I found, upon disassembly, that bolt #3 in transmission diagram 3, was broken. 

Where I think I have made an error, was in the shims of the gears #9 & #43, in transmission diagram #1.


----------



## YSHSfan

Lets hope that those Service and Assembly Manuals show up or get uploaded soon...... :smiley-confused009: :smiley-confused009: :smiley-confused009:

Keep me posted when you get back to it.


----------



## db9938

I will, and I will post pics.


----------



## McGreggor

Hi
I just bought my Ricky (Here in Sweden the handle sticker says YS-NX and the serial sticker says YS524TE) unfortunatly I recieved a manual that seems to be written for the YS624 model ;(.

I only tried it once for snowremoval so far, but I seem to have kind of the same problem as hsblowerfan describes above. When driving forward it stops going forward quite often. If I reclutch it moves again and if I lift the tracktion it works fine. I think this occurs more often the higher the speed setting I use. 
I also wondered if this is a safety setting? I might have the clearance of the snowblower set wrong since I haven´t changed this yet. Though it seems to be too small of a resistance when stopping to be a safety setting!?
So I´m a bit afraid that it might be some issues with the transmission?

It feels and sounds a bit like a metallick "clicking" when it stops going forward
Do any of you recognize this issue and were any of you able to fix it? 
Hope you can understand my English

BR
McGreggor


----------



## YSHSfan

McGreggor said:


> I only tried it once for snowremoval so far, but I seem to have kind of the same problem as hsblowerfan describes above. When driving forward it stops going forward quite often. If I reclutch it moves again and if I lift the tracktion it works fine. I think this occurs more often the higher the speed setting I use. I also wondered if this is a safety setting? I might have the clearance of the snowblower set wrong since I haven´t changed this yet. Though it seems to be too small of a resistance when stopping to be a safety setting!?
> So I´m a bit afraid that it might be some issues with the transmission?
> 
> It feels and sounds a bit like a metallick "clicking" when it stops going forward
> Do any of you recognize this issue and were any of you able to fix it?
> Hope you can understand my English
> 
> BR
> McGreggor


 I have not gotten around dealing with the issue on my Rickys, I am still hoping to find a Service Manual for them, so that I can go thru them. I do not recall my blowers making a clicking noise though (I may have forgoten).
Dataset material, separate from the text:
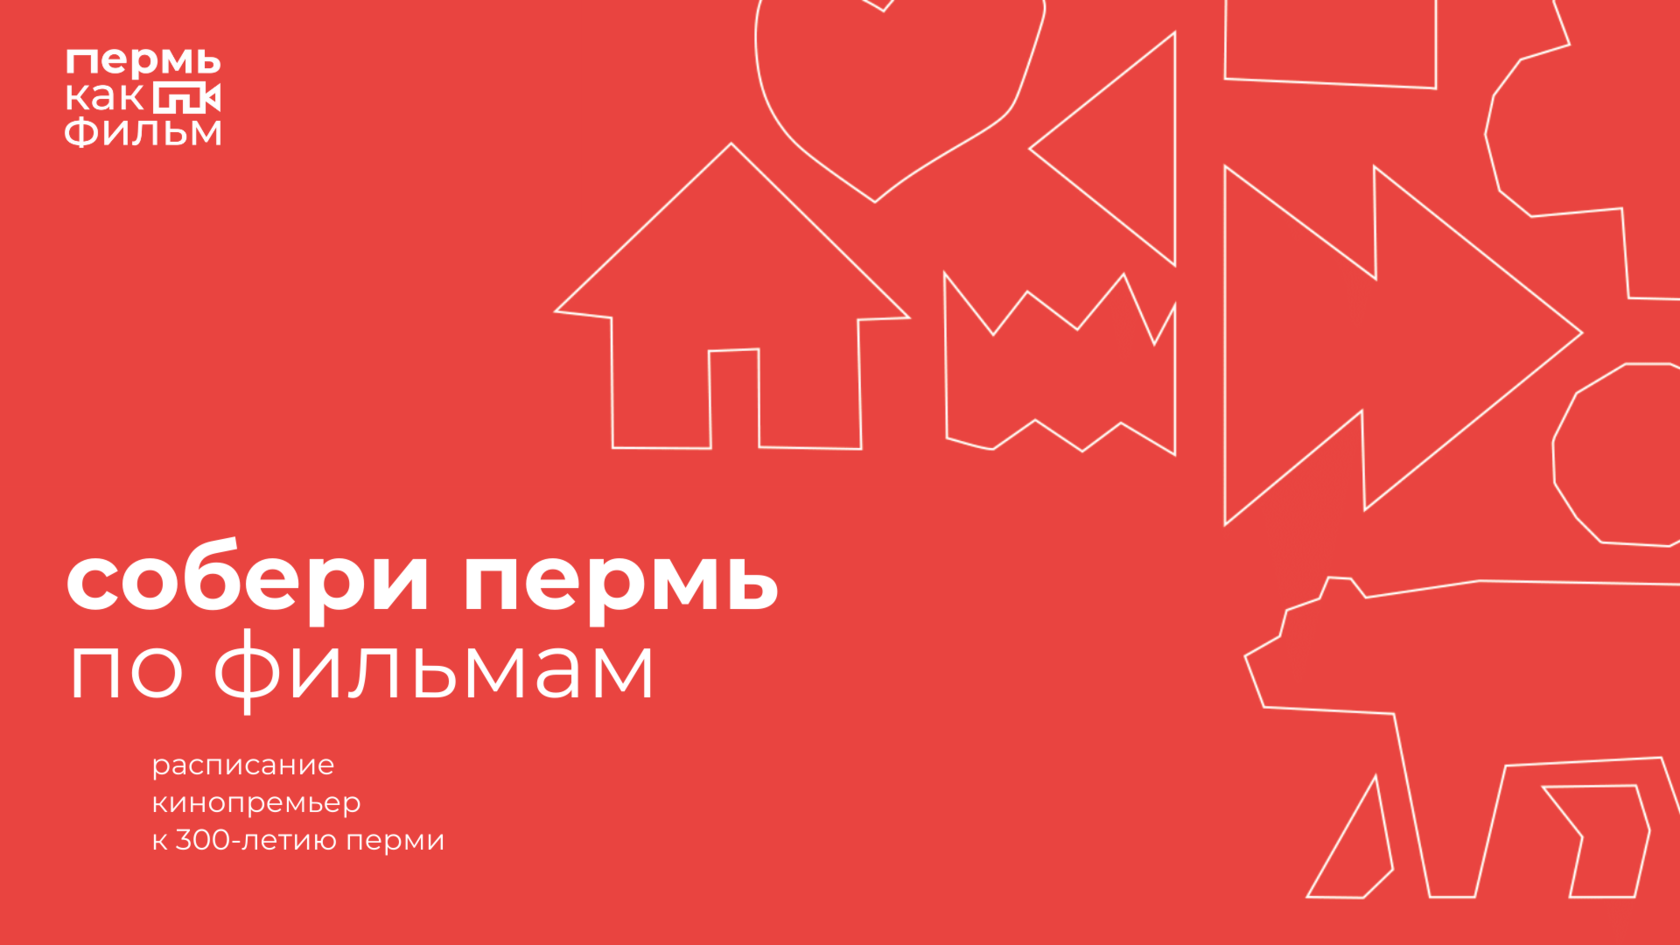 Объявлено расписание премьер проекта «Пермь как фильм»

I will have to pay attention to that when I use them this winter.
If I get to deal with the issue and I encuonter the problem I will post the information and the fix if I am able to repair it.
In the mean time I'm waiting to find a Service Manual, a PDF file or any form of reproduction of the manual.


----------



## CcsCloset

Weight &height of YAMAHA RICKY ❄❄❄❄ NEEDING TO SHIP FROM MPLS TO NEW YORK, trying to determine Shipping 😜


----------



## orangputeh

CcsCloset said:


> Weight &height of YAMAHA RICKY ❄❄❄❄ NEEDING TO SHIP FROM MPLS TO NEW YORK, trying to determine Shipping 😜


the ebay auction said shipping was $4.45

or is shipping included?


----------